Continued demand produces record low vacancy rates




Discounter TJ Maxx is among the retailers continuing to gobble up space, Lee & Associates reports.  PHOTO: ISTOCKPHOTO

Prolonged merchant demand for space, fewer store closures and bankruptcies and a limited available supply have combined to produce the tightest retail market on record in the United States and Canada, according to the latest report from commercial real estate services firm Lee & Associates. Vacancies in both markets are either at or near all-time lows, and the bellwether New York market has shown strength, as well.

The U.S. vacancy rate settled at 4.1% at the end of the first quarter, up slightly from 4% at the close of 2023. Demand for U.S. retail space rose by more than 53 million square feet in 2023, the third straight year of growth.

Most of the growth in demand for space has been driven by tenants from food-and-beverage, discount, off-price and experiential sectors, which accounted for more than half of all new leasing activity over the past year.

The widely watched Manhattan retail scene continued its strong showing in the first quarter, the Lee report notes.
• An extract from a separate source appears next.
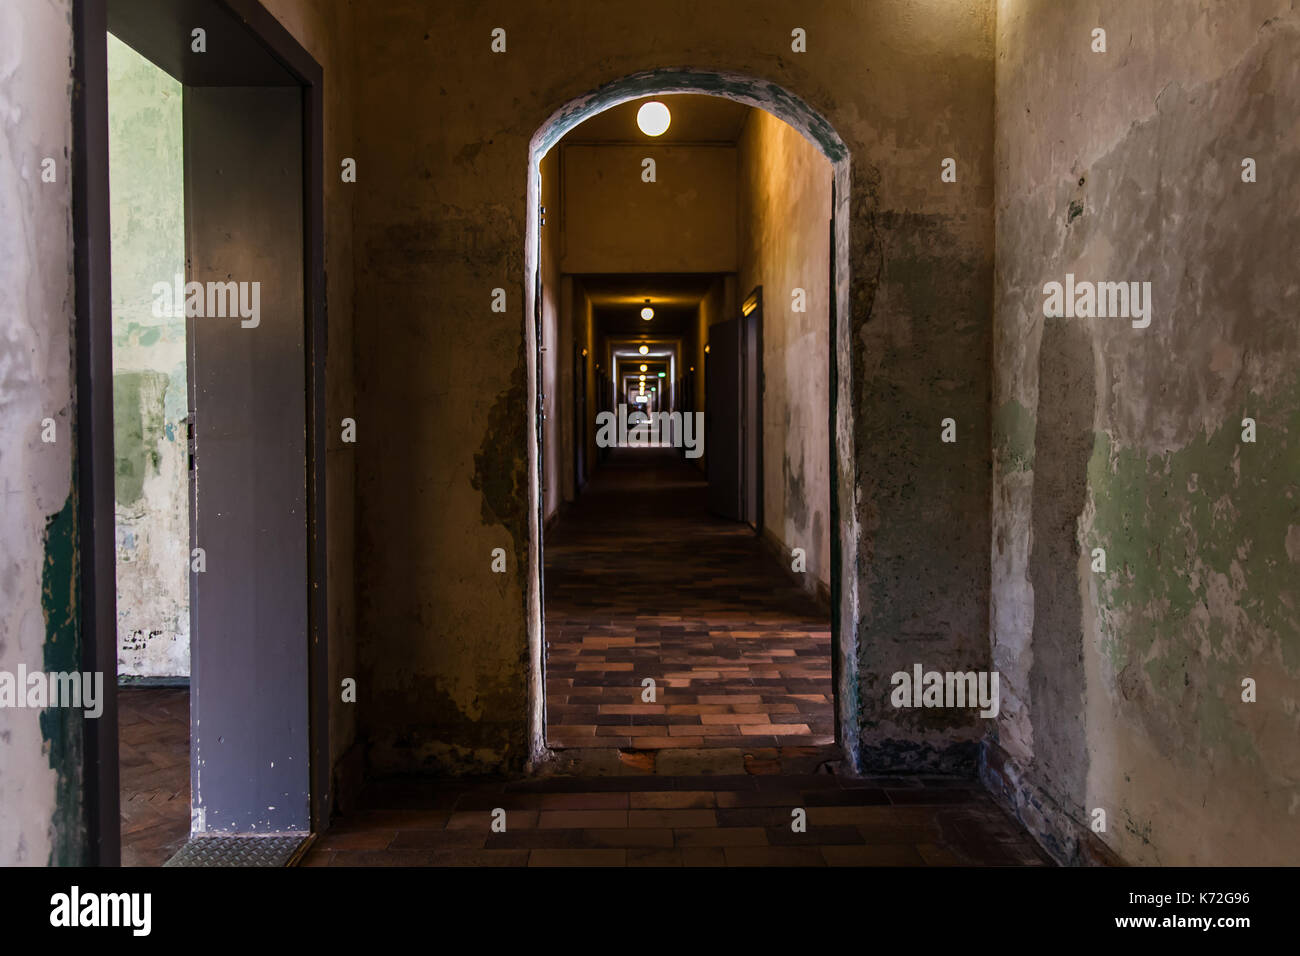 The Bunker, a camp prison, Dachau Concentration Camp Memorial Site Stock Photo

Luxury brands have been leading the charge with leases signed by Skims, Dolce & Gabbana and a Fifth Avenue property purchase by Kering for $963 million. Other highlights include Whole Foods renewing its lease for nearly 60,000 square feet and Wegmans securing a second Manhattan location with a similar footprint.

“Retail corridors like SoHo, Madison Avenue and Fifth Avenue are experiencing rising rents and declining vacancy rates,” the report notes. “This trend is expected to continue as the city anticipates an influx of tourists in 2024.”

Meantime, Canada’s first-quarter vacancy rate was 1.6%, which was unchanged from the previous quarter despite reduced consumer discretionary spending. But an appetite for cars, appliances and personal indulgences has kept inventories of big-ticket items low.